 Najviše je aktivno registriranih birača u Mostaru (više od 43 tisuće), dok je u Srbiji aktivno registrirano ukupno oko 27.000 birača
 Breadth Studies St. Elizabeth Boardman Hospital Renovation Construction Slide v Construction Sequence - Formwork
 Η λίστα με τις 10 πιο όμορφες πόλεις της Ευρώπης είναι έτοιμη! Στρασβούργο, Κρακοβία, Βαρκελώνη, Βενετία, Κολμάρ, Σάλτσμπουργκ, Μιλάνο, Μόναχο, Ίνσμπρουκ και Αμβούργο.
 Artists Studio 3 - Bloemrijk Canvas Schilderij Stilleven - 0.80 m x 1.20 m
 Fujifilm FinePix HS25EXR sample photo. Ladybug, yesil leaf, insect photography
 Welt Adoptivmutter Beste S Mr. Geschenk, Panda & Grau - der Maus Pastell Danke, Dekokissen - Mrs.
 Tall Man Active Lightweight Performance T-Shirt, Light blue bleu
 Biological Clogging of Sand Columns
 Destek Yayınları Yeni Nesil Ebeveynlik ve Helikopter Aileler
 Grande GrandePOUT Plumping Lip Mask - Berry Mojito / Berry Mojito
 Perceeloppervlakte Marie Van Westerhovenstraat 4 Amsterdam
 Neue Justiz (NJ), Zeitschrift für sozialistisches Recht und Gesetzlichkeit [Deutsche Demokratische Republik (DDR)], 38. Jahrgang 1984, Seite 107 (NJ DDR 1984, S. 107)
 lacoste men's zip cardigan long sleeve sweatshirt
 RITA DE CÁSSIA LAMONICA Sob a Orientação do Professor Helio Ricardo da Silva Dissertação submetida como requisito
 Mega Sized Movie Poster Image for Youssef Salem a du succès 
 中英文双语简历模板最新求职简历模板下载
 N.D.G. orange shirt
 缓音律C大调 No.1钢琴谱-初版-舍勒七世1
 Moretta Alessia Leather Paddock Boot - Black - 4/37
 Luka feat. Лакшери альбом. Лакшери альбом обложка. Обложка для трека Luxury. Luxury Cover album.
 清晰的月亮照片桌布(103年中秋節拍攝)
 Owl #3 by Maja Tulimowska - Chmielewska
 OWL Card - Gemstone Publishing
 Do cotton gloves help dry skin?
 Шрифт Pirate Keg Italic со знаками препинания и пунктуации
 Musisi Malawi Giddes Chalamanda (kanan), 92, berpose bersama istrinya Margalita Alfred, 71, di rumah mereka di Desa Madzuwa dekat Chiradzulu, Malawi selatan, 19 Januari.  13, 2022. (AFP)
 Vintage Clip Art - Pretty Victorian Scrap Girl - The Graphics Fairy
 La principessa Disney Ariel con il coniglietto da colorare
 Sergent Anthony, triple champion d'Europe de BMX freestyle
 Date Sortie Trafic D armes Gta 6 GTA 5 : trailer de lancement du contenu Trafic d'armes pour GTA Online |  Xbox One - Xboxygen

----

** What you are asked to do **
Nothing but the lines from the first line of the data through the line with "Moretta Alessia Leather" should be returned, exactly as they appear, both ends included.

** Expected answer **
 Najviše je aktivno registriranih birača u Mostaru (više od 43 tisuće), dok je u Srbiji aktivno registrirano ukupno oko 27.000 birača
 Breadth Studies St. Elizabeth Boardman Hospital Renovation Construction Slide v Construction Sequence - Formwork
 Η λίστα με τις 10 πιο όμορφες πόλεις της Ευρώπης είναι έτοιμη! Στρασβούργο, Κρακοβία, Βαρκελώνη, Βενετία, Κολμάρ, Σάλτσμπουργκ, Μιλάνο, Μόναχο, Ίνσμπρουκ και Αμβούργο.
 Artists Studio 3 - Bloemrijk Canvas Schilderij Stilleven - 0.80 m x 1.20 m
 Fujifilm FinePix HS25EXR sample photo. Ladybug, yesil leaf, insect photography
 Welt Adoptivmutter Beste S Mr. Geschenk, Panda & Grau - der Maus Pastell Danke, Dekokissen - Mrs.
 Tall Man Active Lightweight Performance T-Shirt, Light blue bleu
 Biological Clogging of Sand Columns
 Destek Yayınları Yeni Nesil Ebeveynlik ve Helikopter Aileler
 Grande GrandePOUT Plumping Lip Mask - Berry Mojito / Berry Mojito
 Perceeloppervlakte Marie Van Westerhovenstraat 4 Amsterdam
 Neue Justiz (NJ), Zeitschrift für sozialistisches Recht und Gesetzlichkeit [Deutsche Demokratische Republik (DDR)], 38. Jahrgang 1984, Seite 107 (NJ DDR 1984, S. 107)
 lacoste men's zip cardigan long sleeve sweatshirt
 RITA DE CÁSSIA LAMONICA Sob a Orientação do Professor Helio Ricardo da Silva Dissertação submetida como requisito
 Mega Sized Movie Poster Image for Youssef Salem a du succès 
 中英文双语简历模板最新求职简历模板下载
 N.D.G. orange shirt
 缓音律C大调 No.1钢琴谱-初版-舍勒七世1
 Moretta Alessia Leather Paddock Boot - Black - 4/37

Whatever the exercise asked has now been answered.